The reason for my questioning this is many performance solutions maintain their data allowing for historical/capacity analysis. To say it another way, you will more often find a performance vendor also doing capacity management vs. doing availability monitoring (unless your talking about the big 4 or 5). So it’s time to step back and take a deeper look at approaches and functionality then figure out which vendors go where (aka a bottom up perspective).
Looking back at the original post for the Data Center Automation Blueprint called Digging into these 6 functional areas: Performance & Capacity we notice a discussion that started talking through approaches.
- passive vs. active
- agent vs. agent-less
- in-line appliance vs. out-of-band appliance (e.g., span a port)
- proprietary vs. leverage infrastructure mgmt. capabilities (e.g., Cisco Netflow)
- outside the data center looking in vs. inside the data center itself.
- Reactive troubleshooting vs. Proactive Predictive
So let’s start pondering these a little more.
Passive Monitoring – the monitoring of actual traffic flows passively to collect statistics; example inline appliance or spanned port on a switch that mirrors over a copy of all traffic flows to that appliance
Active Monitoring – the monitoring of end points using different protocols to collect statistics; example create a TCP packet and query an applictions/service that should respond to it…e.g., SMTP port 25.
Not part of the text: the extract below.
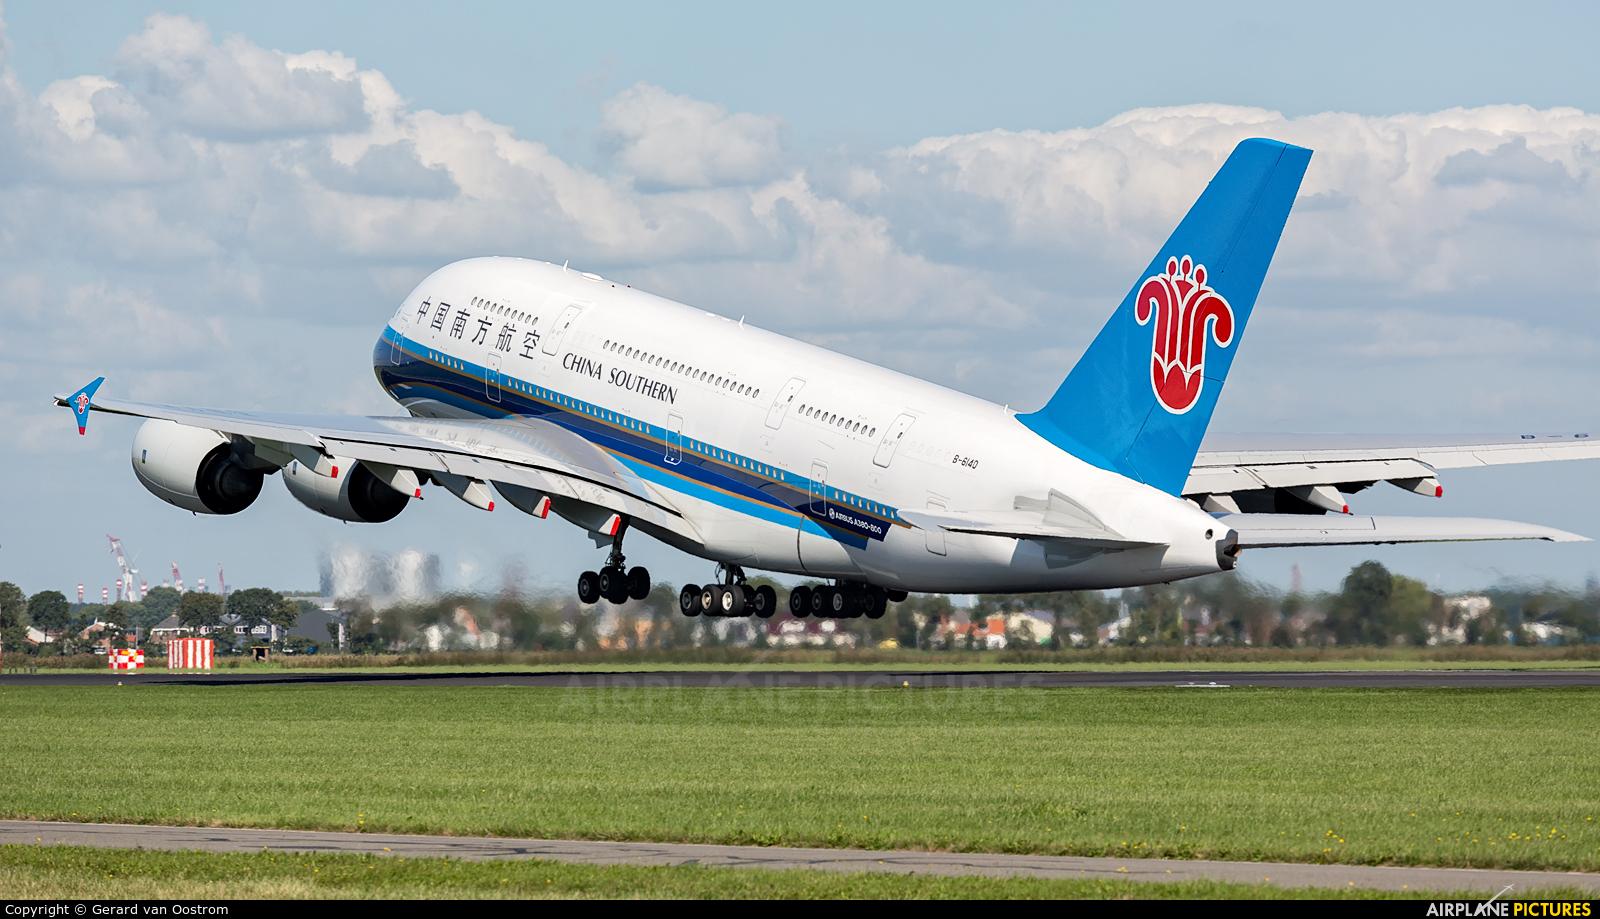 China Southern Airlines B-6140 aircraft at Amsterdam - Schiphol

Now even starting with these two you can start pulling things apart due to various hybrid approaches and positioning by vendors. The case can be made that passive is nothing more then collection of data that is then passed back to a centralized point…just like active, which requests the data and receives immediate response to place within the centralized aggregation point. It gets further convoluted when some vendors allow you to use passive data as it’s gathered on appliance vs. other wait for it to be aggregated back to the central management point. So with all this confusion where do we go from here…
I was reading another blog posting last night and thought it had a interesting way of talking about these two types of performance statistics. They called them rows & columns. Rows meaning infrastructure and columns meaning flows.
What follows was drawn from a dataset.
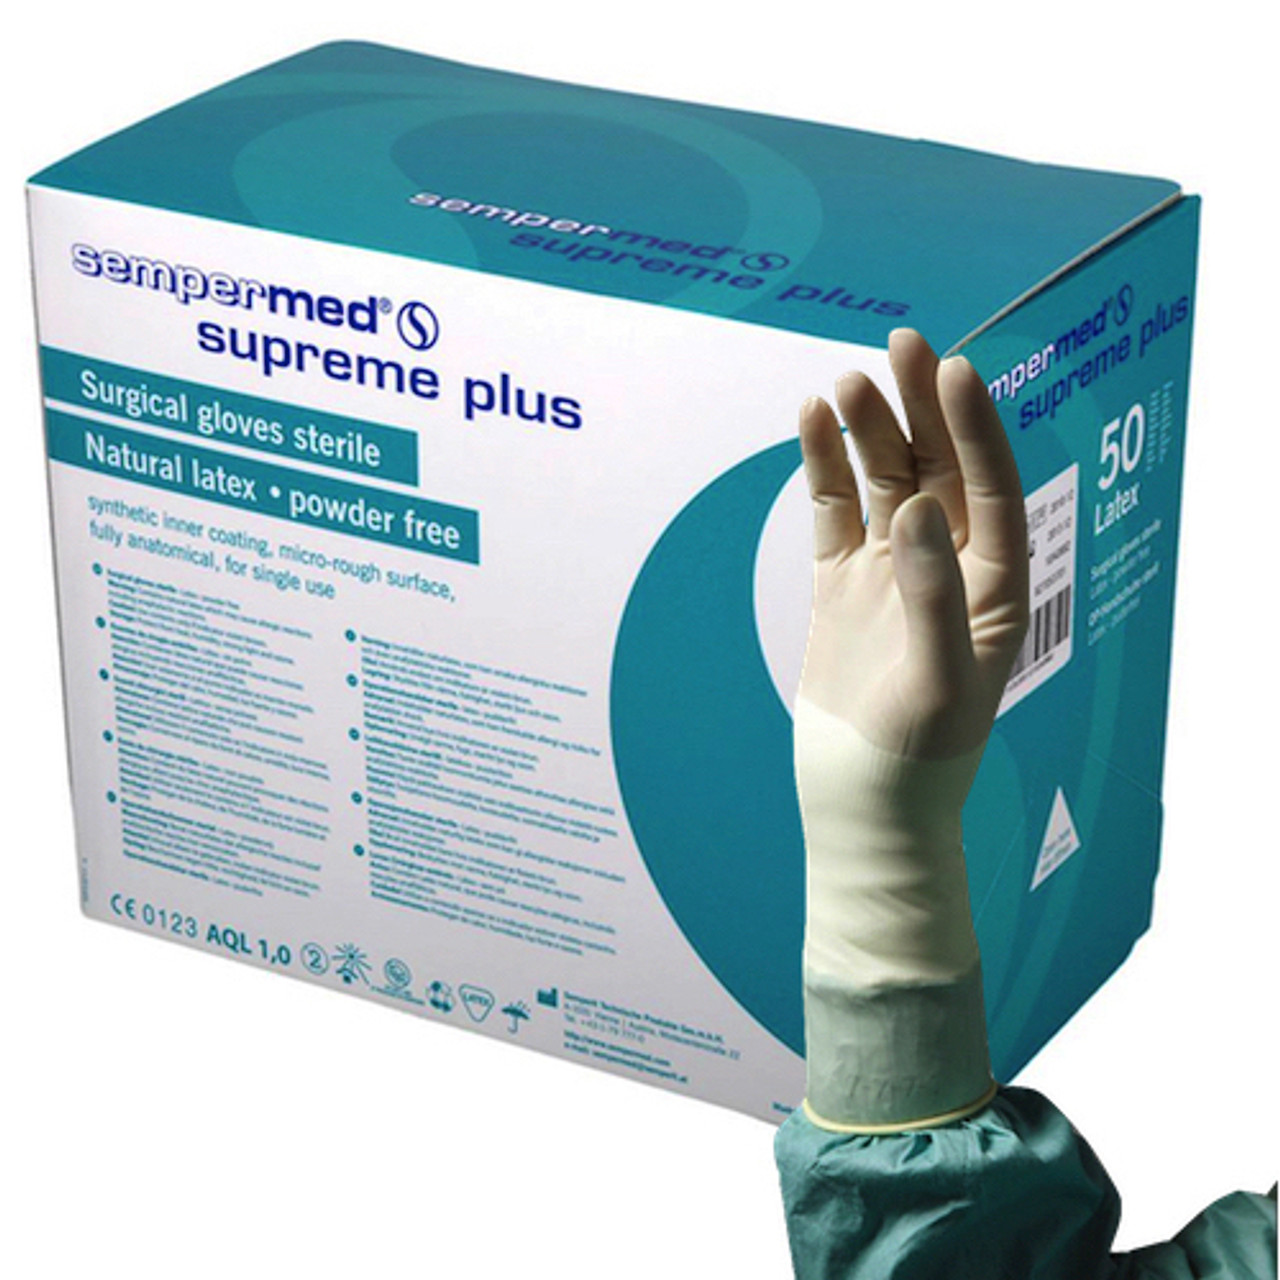 Sempermed Supreme Plus Surgical Gloves Sterile 8 1/2 Latex Powder Free (SUS822851G)

So from here let’s step down one more level, what type of statistics do we want to capture….
How much (e.g., bitrate/throughtput/activity)
How fast (e.g., latency/round-trip time/response time)
How ready (e.g., availability/response)
But, there are also statistics in between to help us identify potential bottleneck points; processor, memory, etc.
Also, we need to be able to gather down to a specific endpoint for a specific application or we could desire to aggregate up to all traffic types to a specific data center.
So I’m going to push pause here, with all the Performance vendors out there I know some of y’all must have found some good resources (whitepapers etc) that already attack this question of what statistics, from what vantage point, using what technology etc. I’m going to do some more research and ponder how we can better articulate mapping things for Performance, Capacity & the Analytics of those details. Please feel free to share with me quality whitepapers that as independent as possible attempt to answer this.